The exquisite celadon porcelain produced by kilns in Longquan, Zhejiang province was mainly used as royal tribute in ancient China.
"In the Ming Dynasty, large quantities of Longquan celadon were transported via the Grand Canal from Zhejiang to the capital as tribute or other places for sale. When porcelain ships arrived in Huai'an, checks were made to get rid of those defective or broken ones," Zhang said. "The accumulation weighed more than 20 tons, begging the question of how large the transportation scale really was on the Grand Canal."
The curator argued that the archeological finding is another testimony to Huai'an being a water transport hub with active commodity circulation hundreds of years ago.
The Ancient Mokou Site Museum, a new museum that opened in May, unveils the genesis of Huai'an as the ending point of China's first canal excavated some 2,500 years ago.
History has it that to ship supplies north in case his forces should engage the northern states, King Fuchai of the Wu State - during the Spring and Autumn Period (770-476 BC) - dug the Hangou Canal to connect the Yangtze River and the Huaihe River. Fuchai's canal started in today's Yangzhou and ended in Mokou, where Huai'an stands today.

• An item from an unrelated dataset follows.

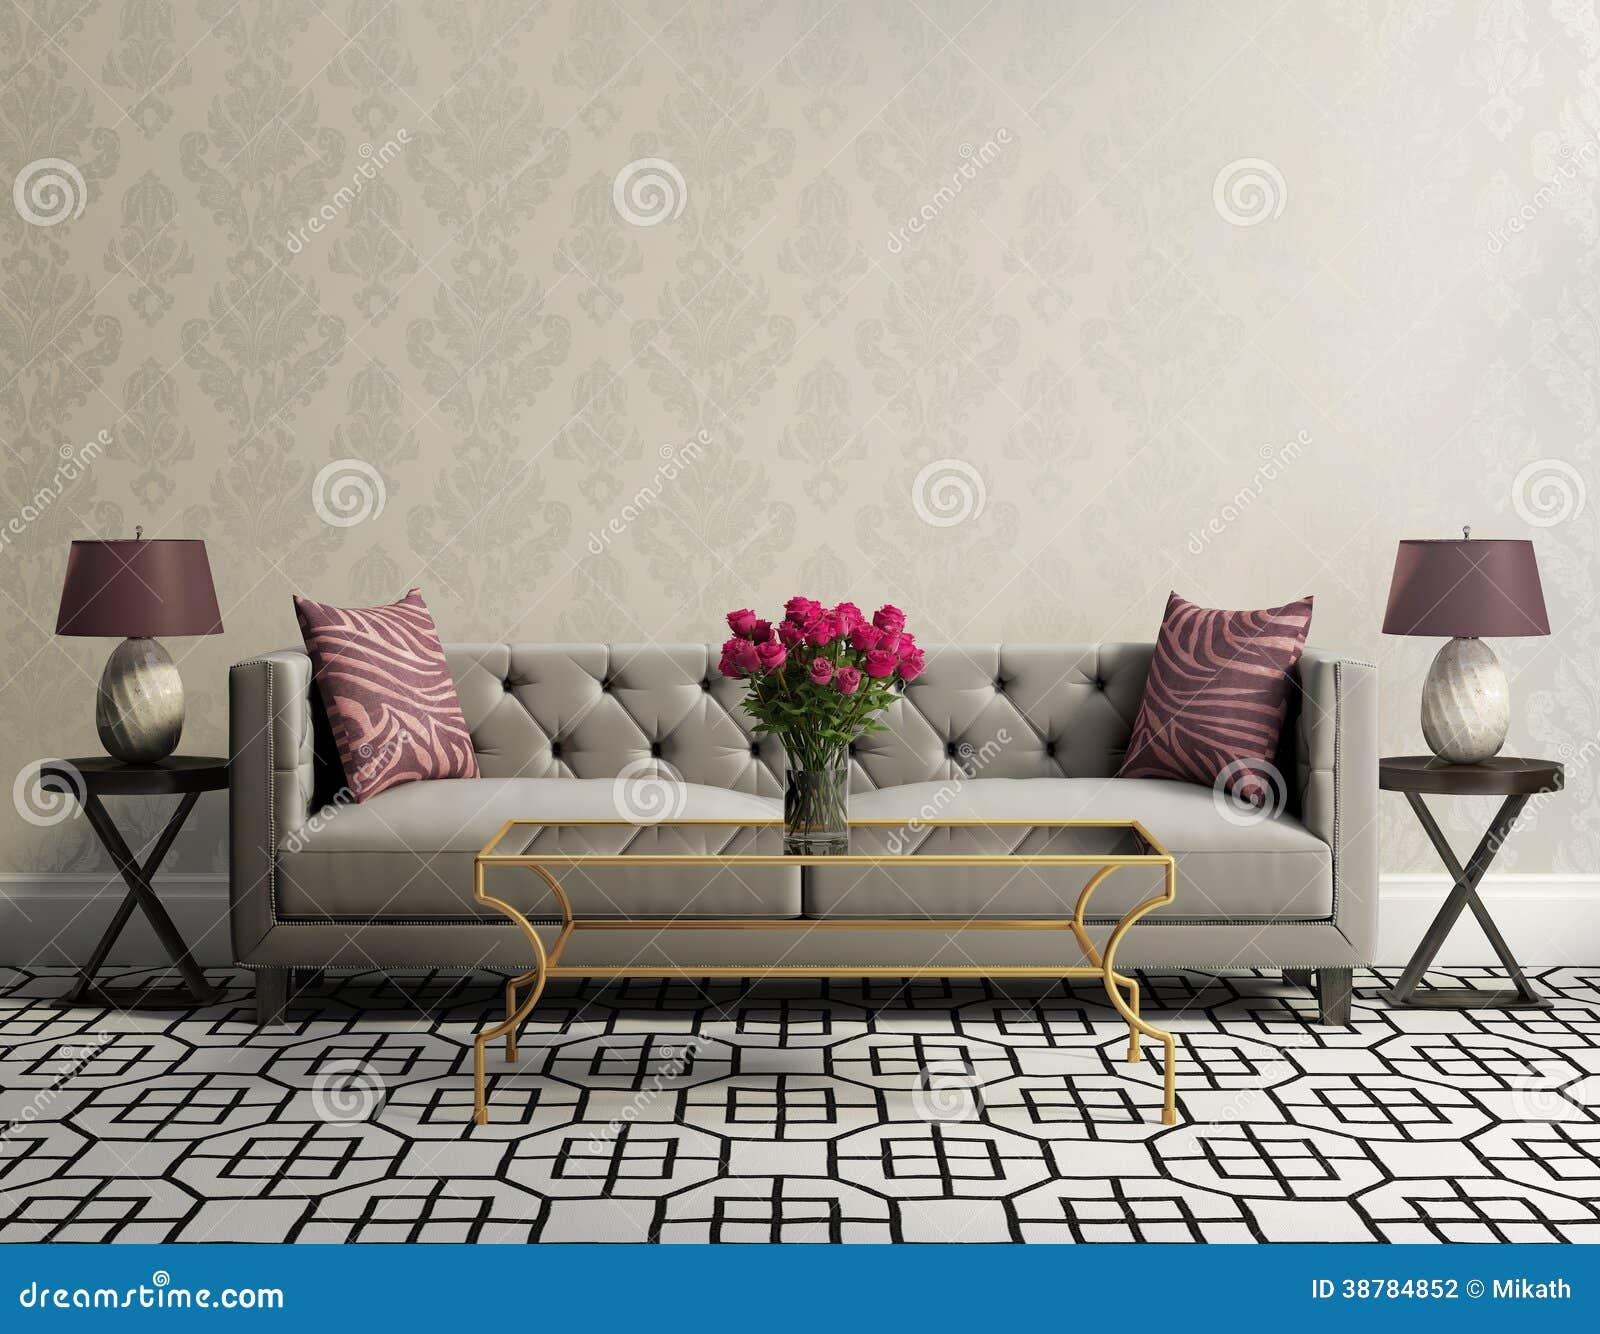 Elegantes wohnzimmer der weinlese mit grauem samtsofa stockfoto bild 38784852 - Elegante wohnzimmer ...

The museum features ruins of a dam and a wharf dating back to the Southern Song Dynasty (1127-1279). Visitors can find bricks engraved with "Huai'an Zhou" (Huai'an City) in the walls of the ruins.
With stunning multi-media visuals, enchanting interactive installations and an immersive market, the Ancient Mokou Site Museum offers the audience a way to time-travel into Huai'an's brilliant past inextricably intertwined with the Grand Canal for millennia.